10 'The Garbage Pail Kids Movie' (1987)

The characters from The Garbage Pail Kids Movie Image via Atlantic Releasing

Dodger (Mackenzie Astin) is a kid who works for the eccentric antique shop owner Captain Manzini (Anthony Newley), who warns Dodger never to open a mysterious garbage can. The can is eventually opened when a gang of bullies led by Juice (Ron MacLachlan) accosts Dodger, releasing the Garbage Pail Kids, a group of mutant children who revel in being gross and destructive. Dodger befriends the kids and, after he learns they have a talent for sewing clothes, uses them to help him impress Tangerine (Katie Barberi), one of his bullies who sells clothes for a living, whom he has a crush on.
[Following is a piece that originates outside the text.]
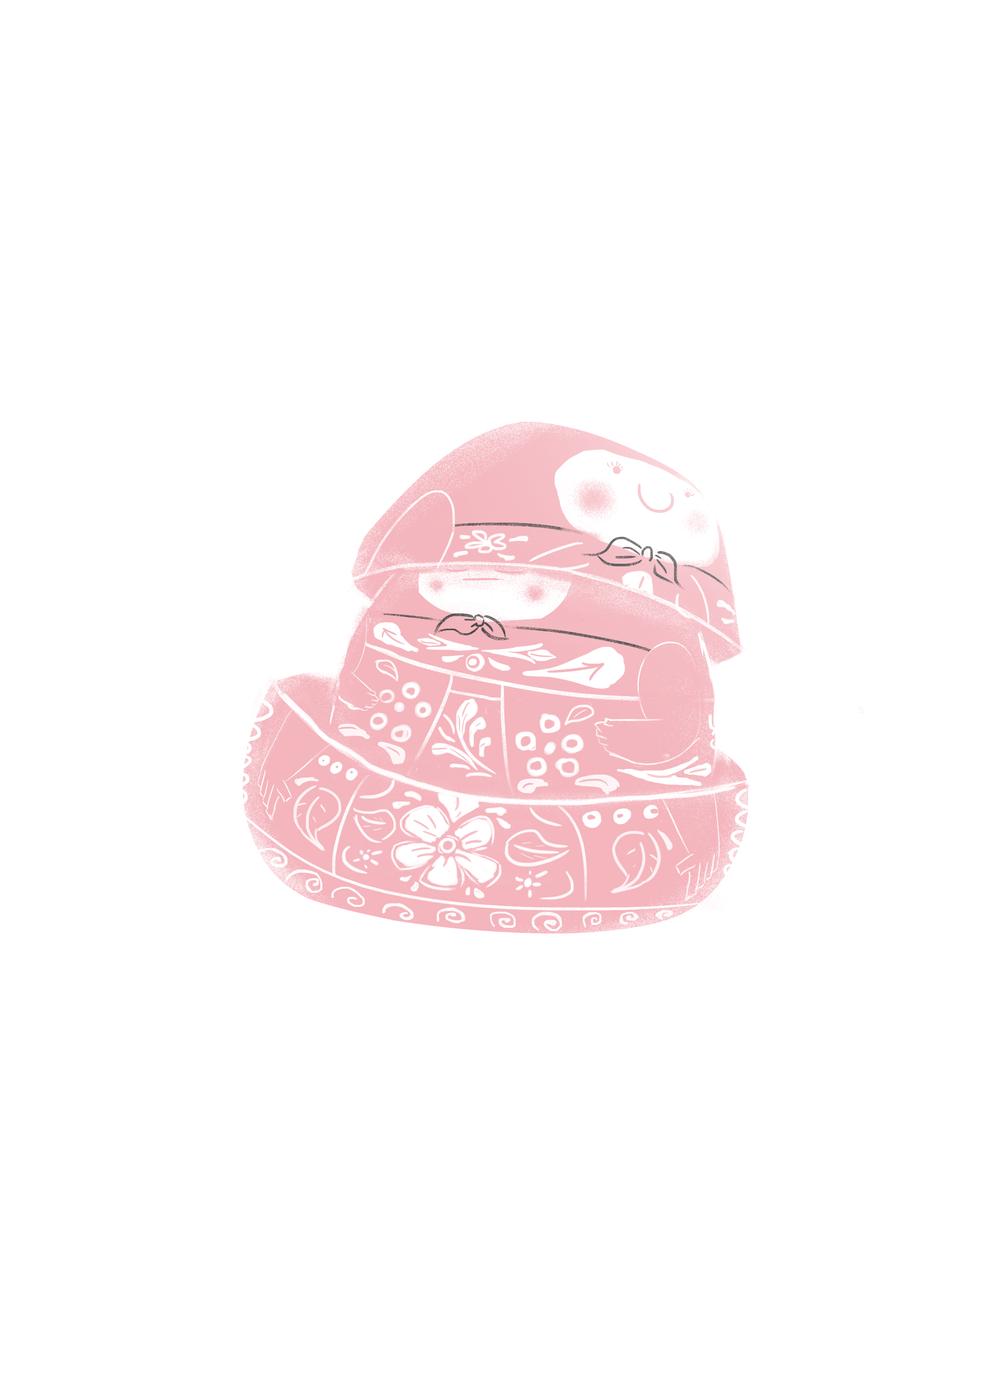 Week 05: Nesting Dolls

The Garbage Pail Kids Movie is based on the trading cards of the same name that parodied the Cabbage Patch Kids dolls. Shockingly, the premise of kids who do gross things didn't translate well into live action, with the animatronics used to create the Garbage Pail Kids only making things worse. The story isn't much better than the visuals, with the kid's horrible actions ruining the message about inner beauty, and the presence of the State Home for the Ugly, which rounds up and kills ugly people on the regular.

9 'War of the Worlds (2025)

Ice Cube looks shocked Image via: Prime Video

Will Radford (Ice Cube) is a DHS agent who operates a surveillance program that can spy on anyone in the world, but has an estranged relationship with his children. One day, while trying to track down a hacker called Disruptor, the Earth is invaded by aliens piloting giant war machines. Between trying to help the world's armies coordinate against the aliens, Will also uses the surveillance program to keep his kids safe, and learns some shocking revelations about both his family and the government.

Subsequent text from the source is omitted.